▶ [Exercise objective] Apart from the images, repeat the data below exactly as written.

▶ [Provided material]
== Segment start ==
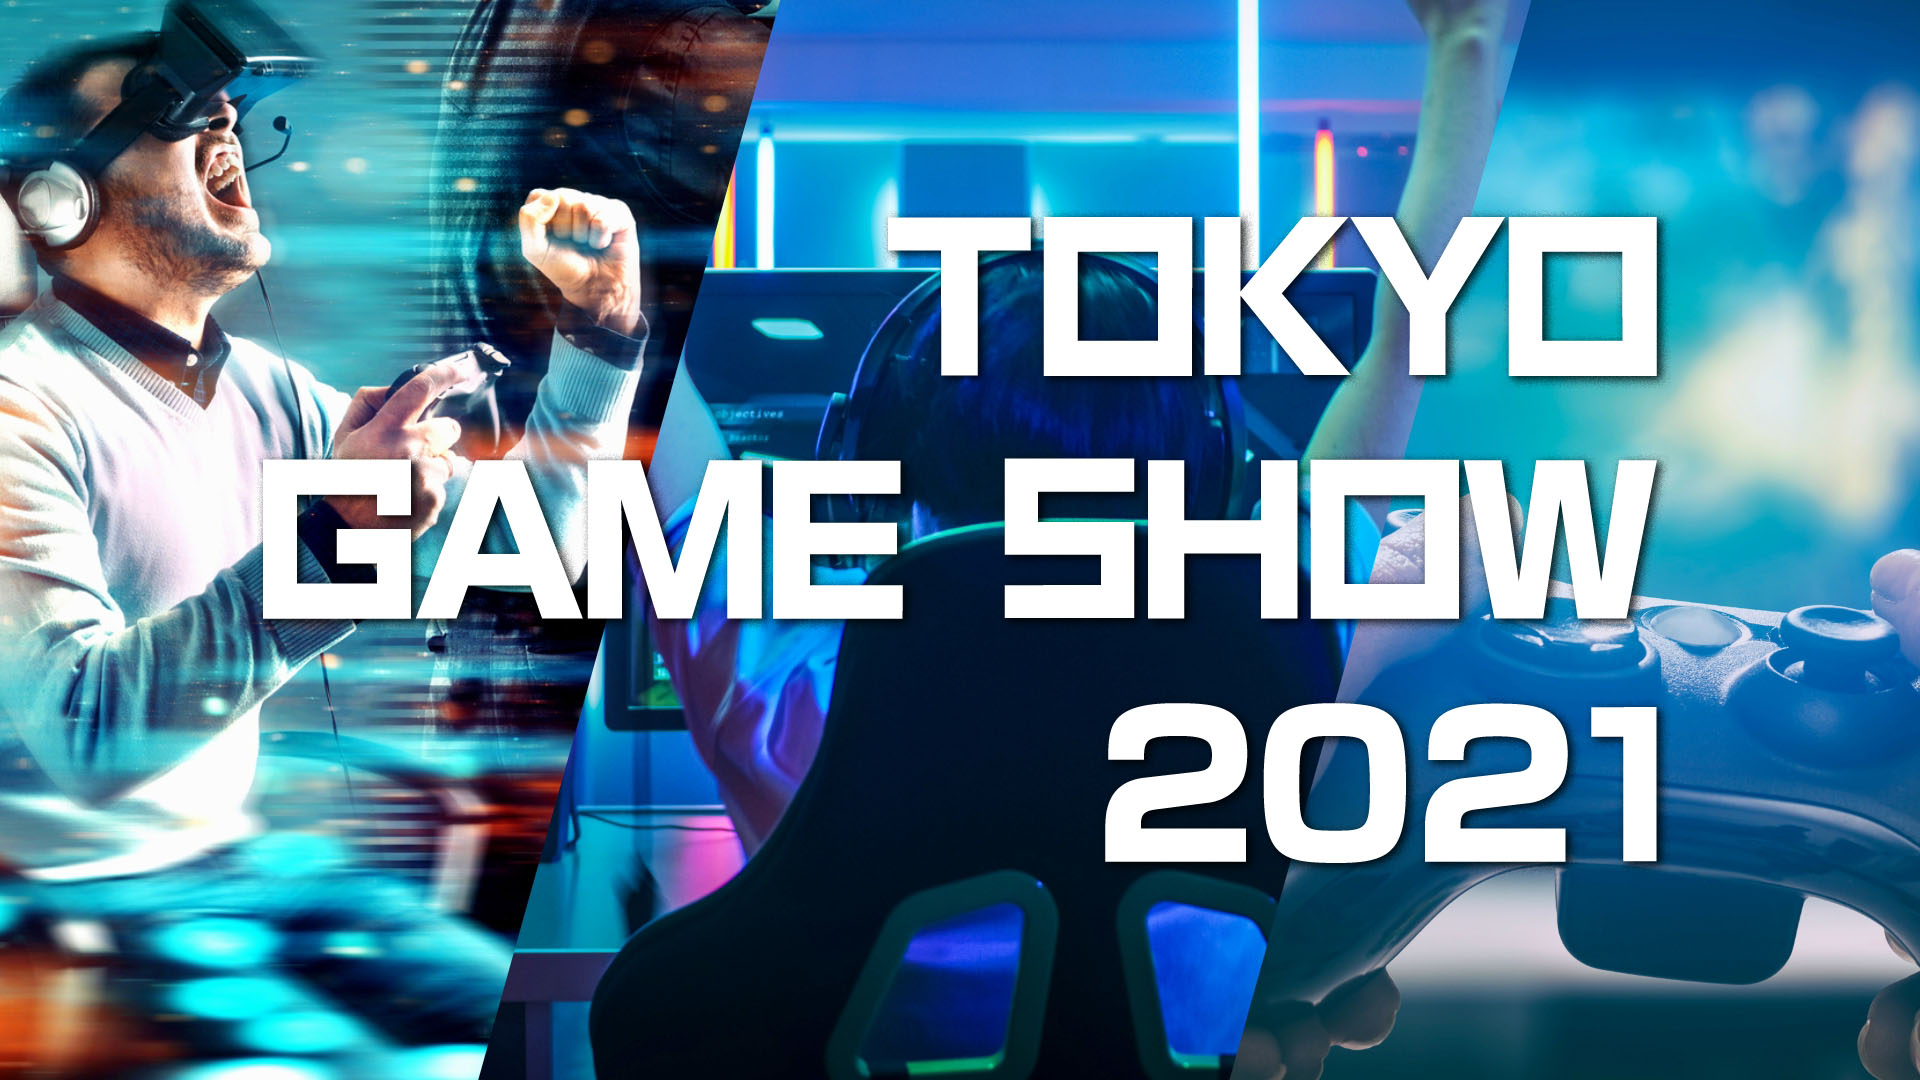 Tokyo Game Show is Online-Only Again for 2021
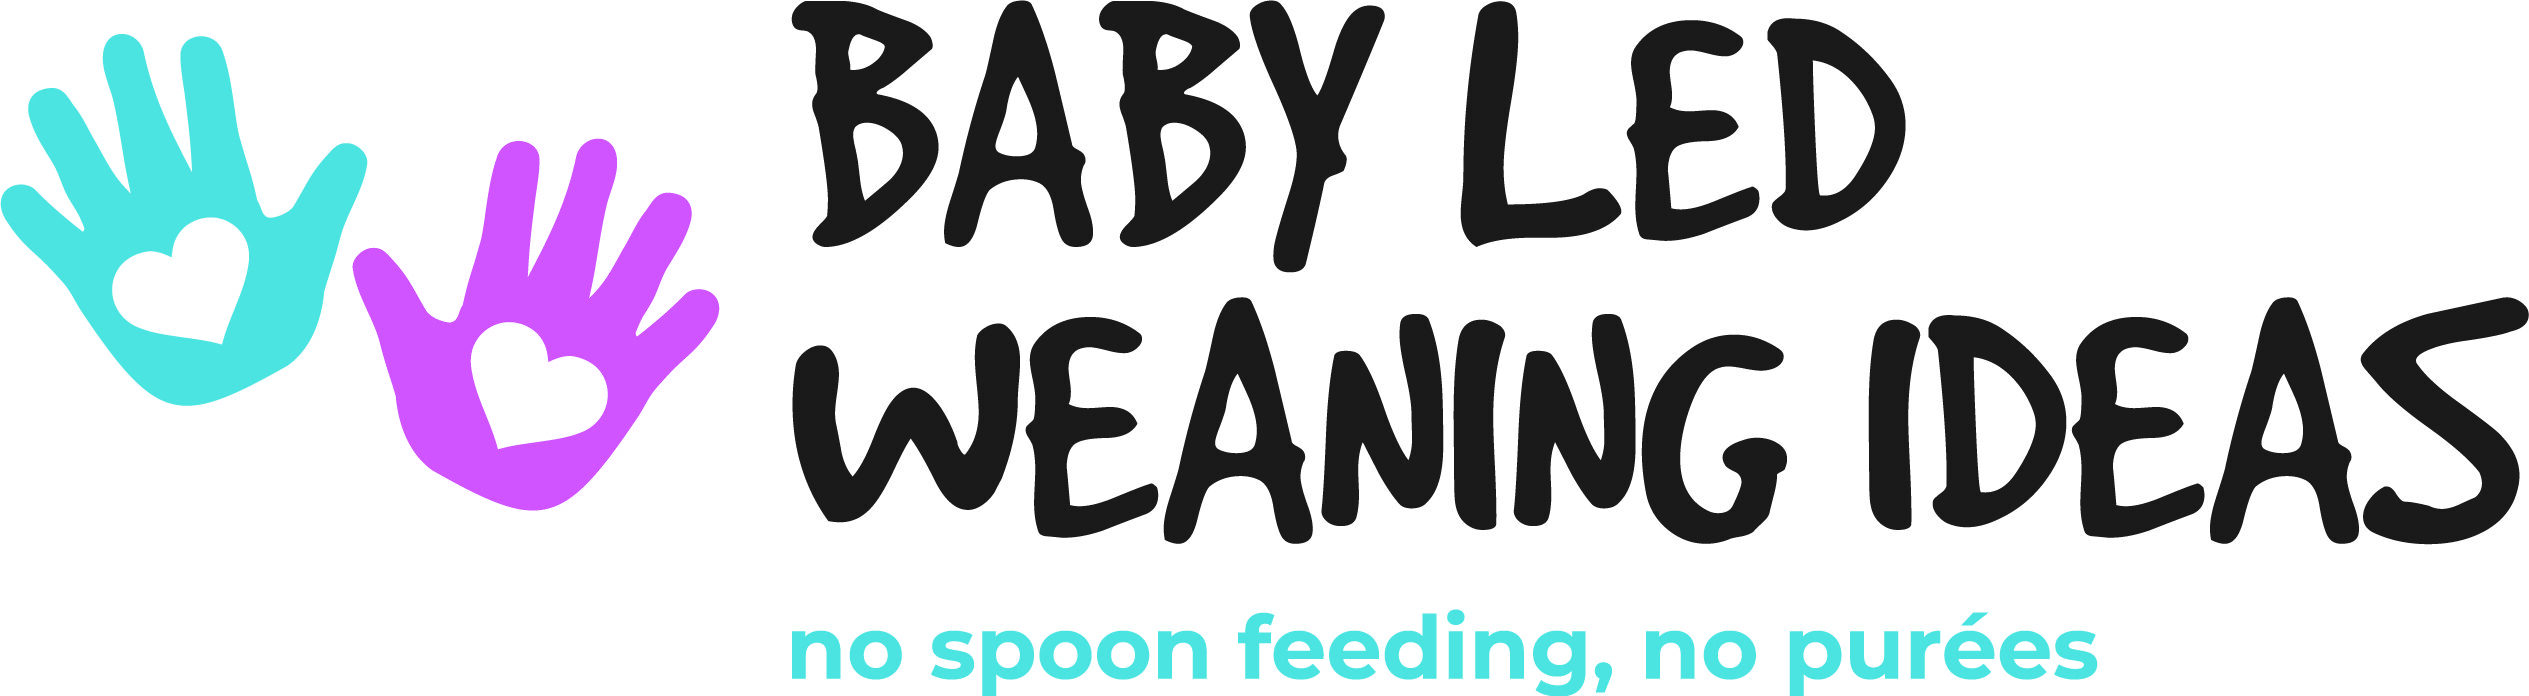 Fahrenheit lade Eventyrer Our BLW Journey - Baby Led Weaning Ideas
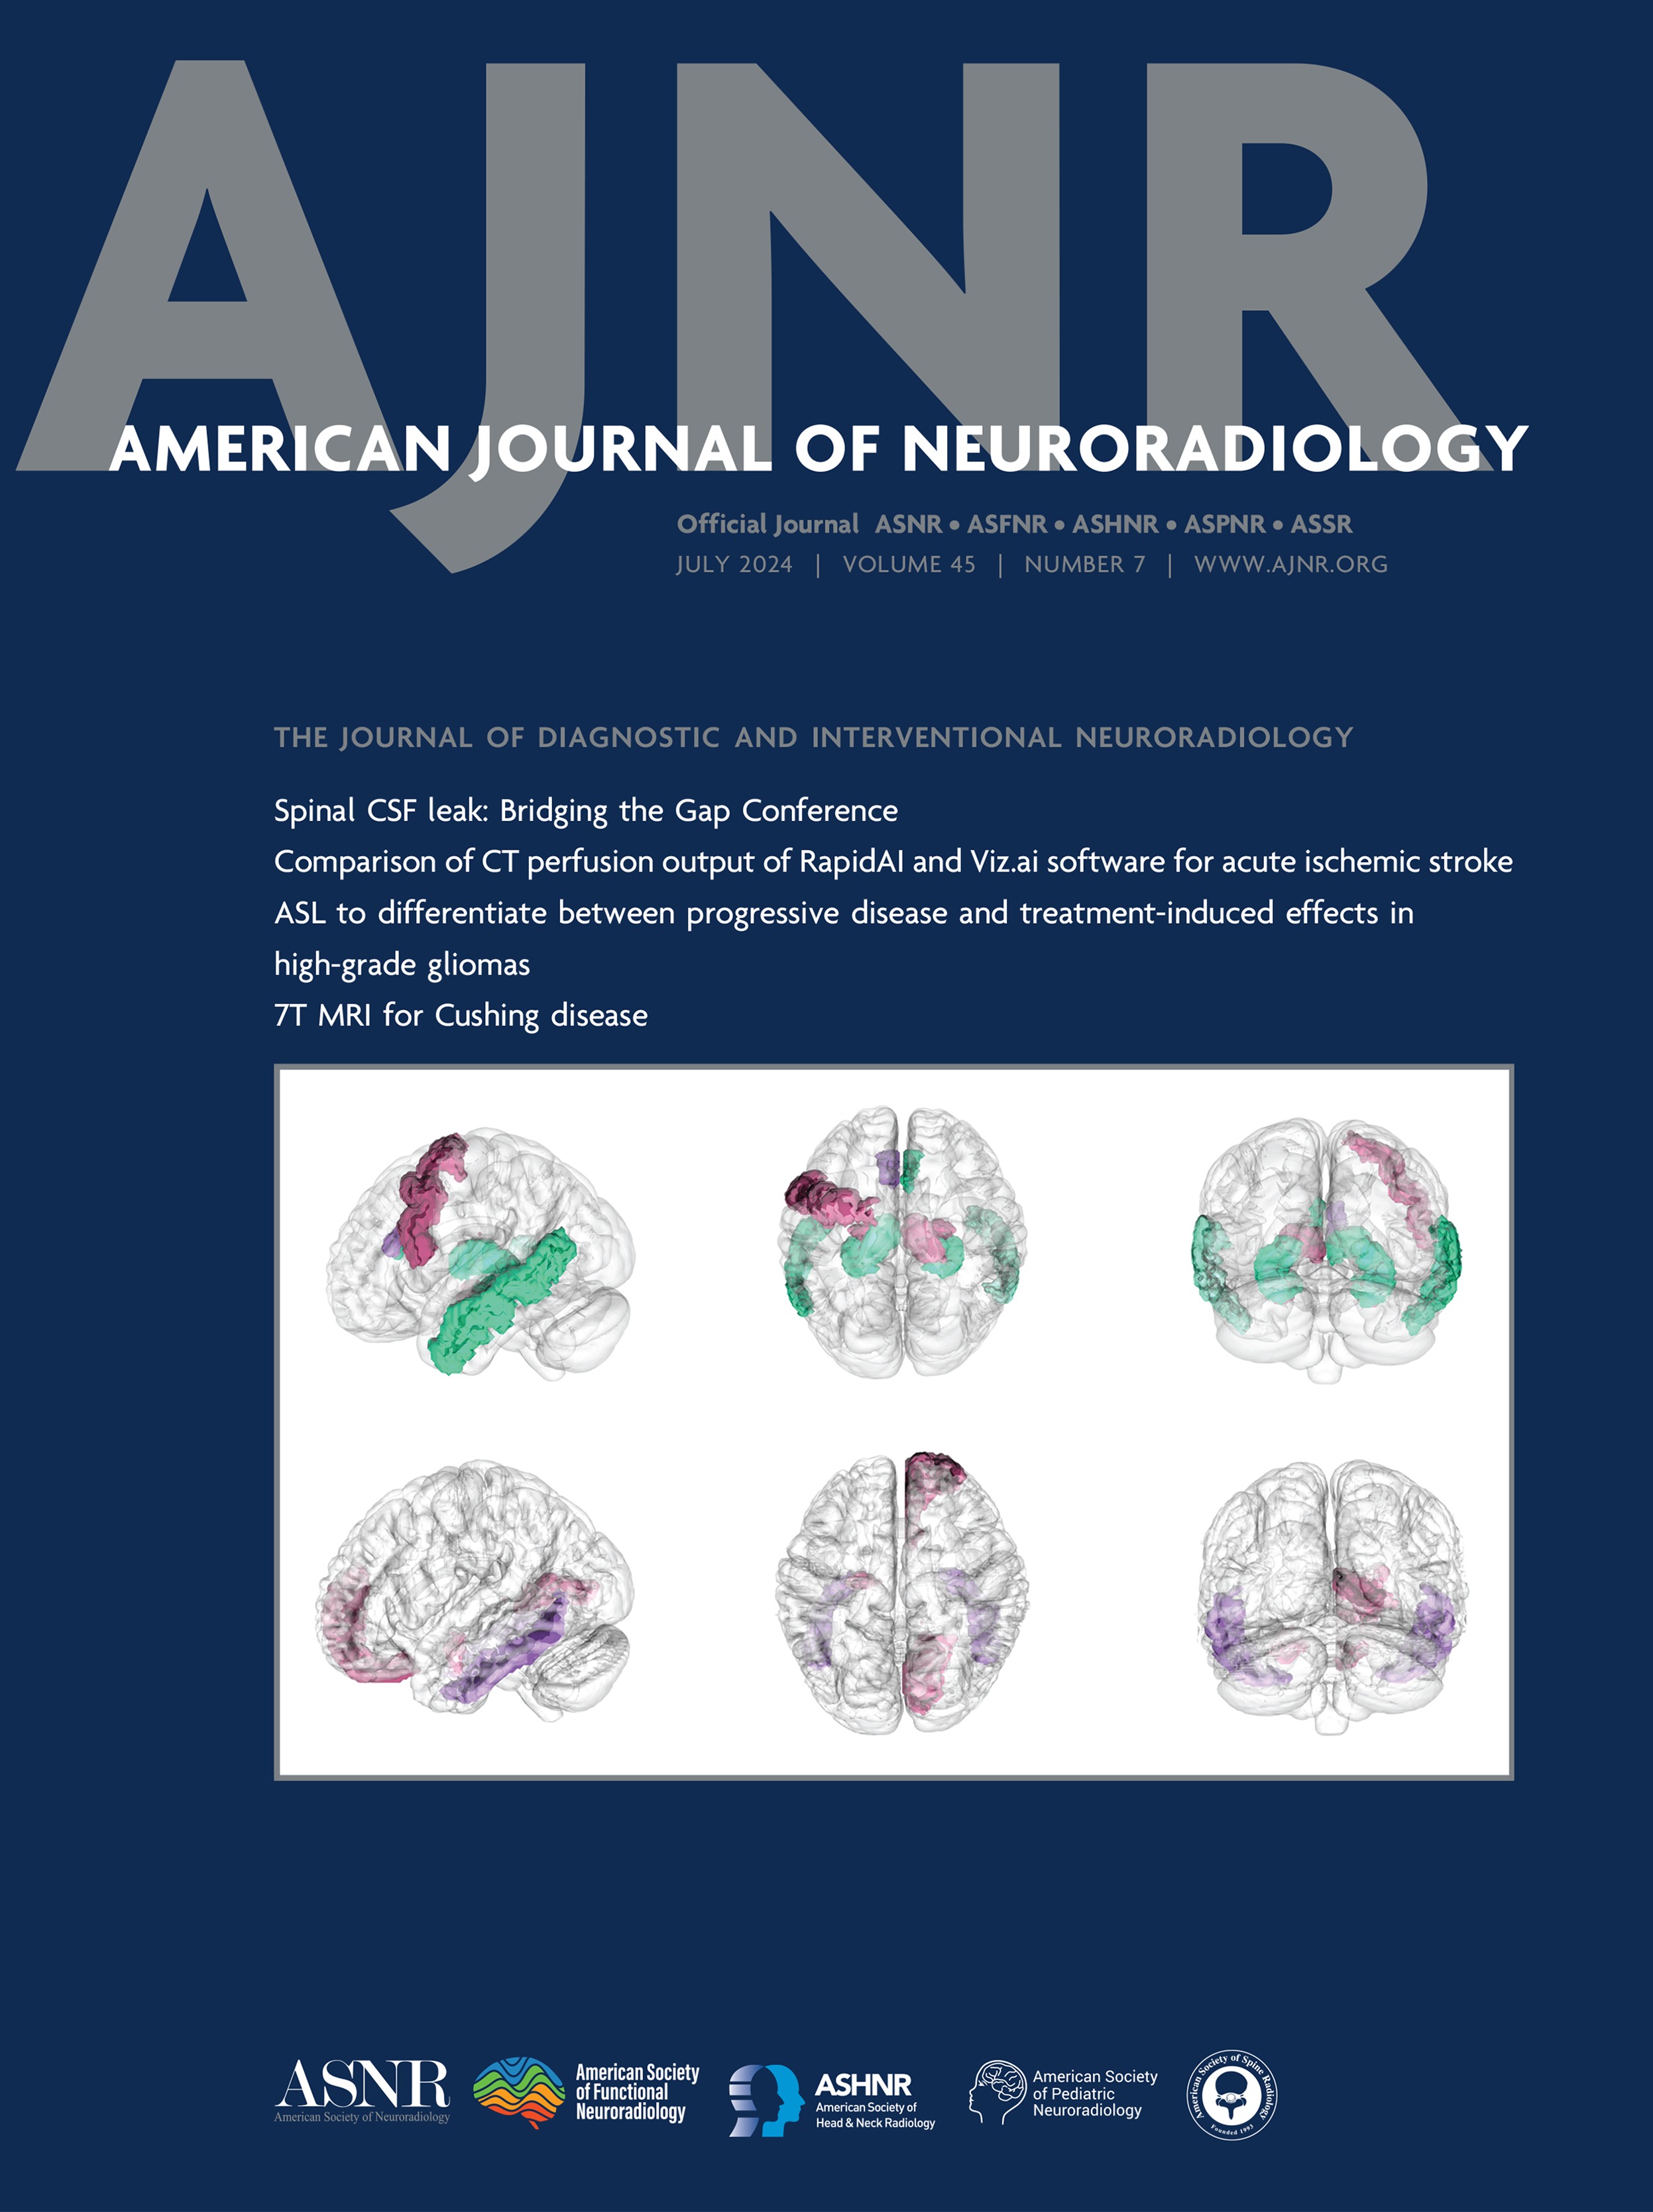 Association between CT Perfusion Parameters and Hemorrhagic Transformation after Endovascular Treatment in Acute Ischemic Stroke: Results from the ESCAPE-NA1 Trial [NEUROVASCULAR/STROKE IMAGING]
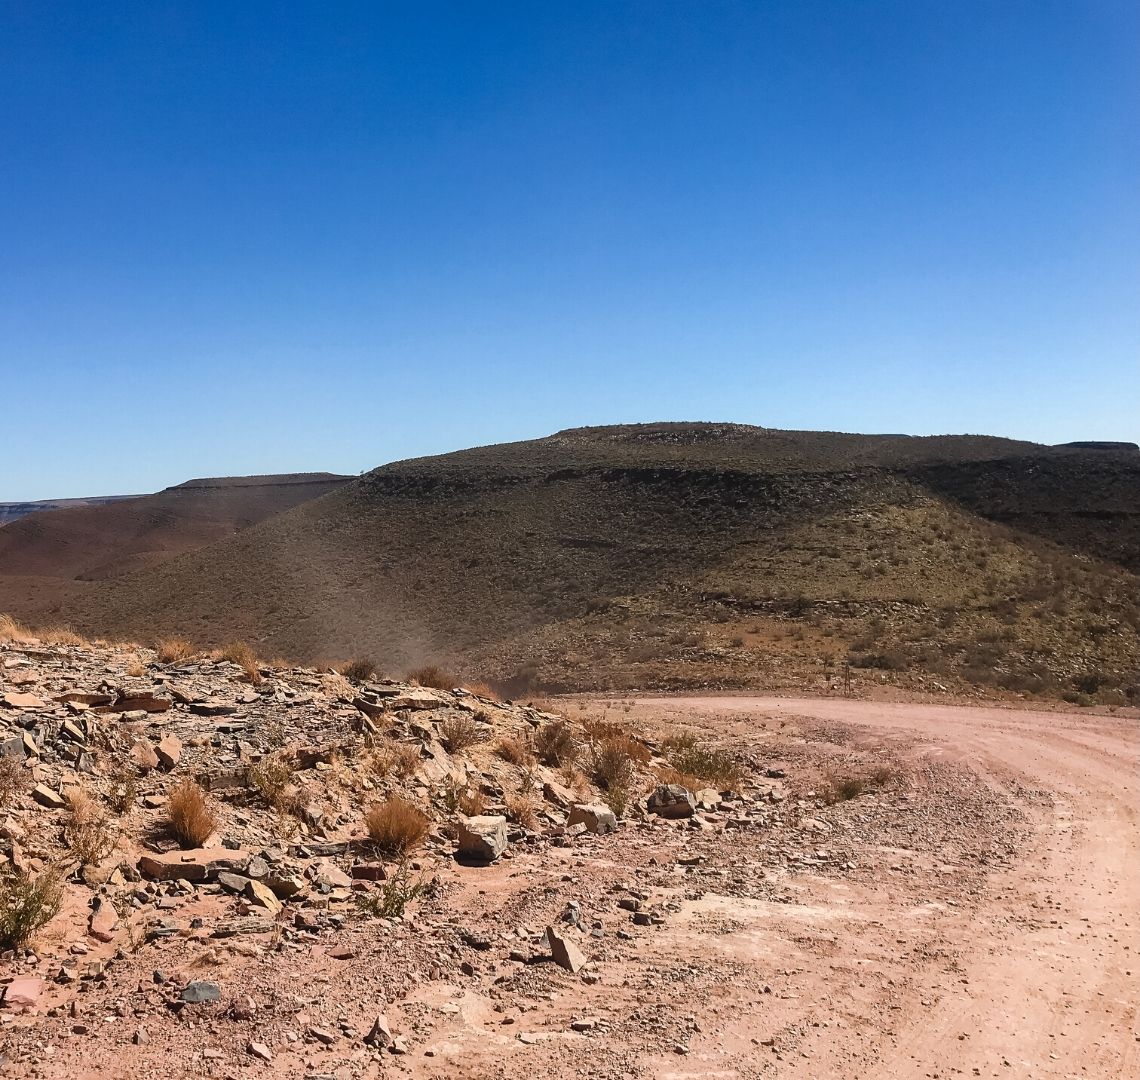 5 Things You Need To Know Before A Self-Drive Safari In Namibia - dust is kicked up behind a (hidden) car in front of us on a red dusty gravel track. The sky is completely blue.
== Segment end ==
▶ [Output]
 Tokyo Game Show is Online-Only Again for 2021
 Fahrenheit lade Eventyrer Our BLW Journey - Baby Led Weaning Ideas
 Association between CT Perfusion Parameters and Hemorrhagic Transformation after Endovascular Treatment in Acute Ischemic Stroke: Results from the ESCAPE-NA1 Trial [NEUROVASCULAR/STROKE IMAGING]
 5 Things You Need To Know Before A Self-Drive Safari In Namibia - dust is kicked up behind a (hidden) car in front of us on a red dusty gravel track. The sky is completely blue.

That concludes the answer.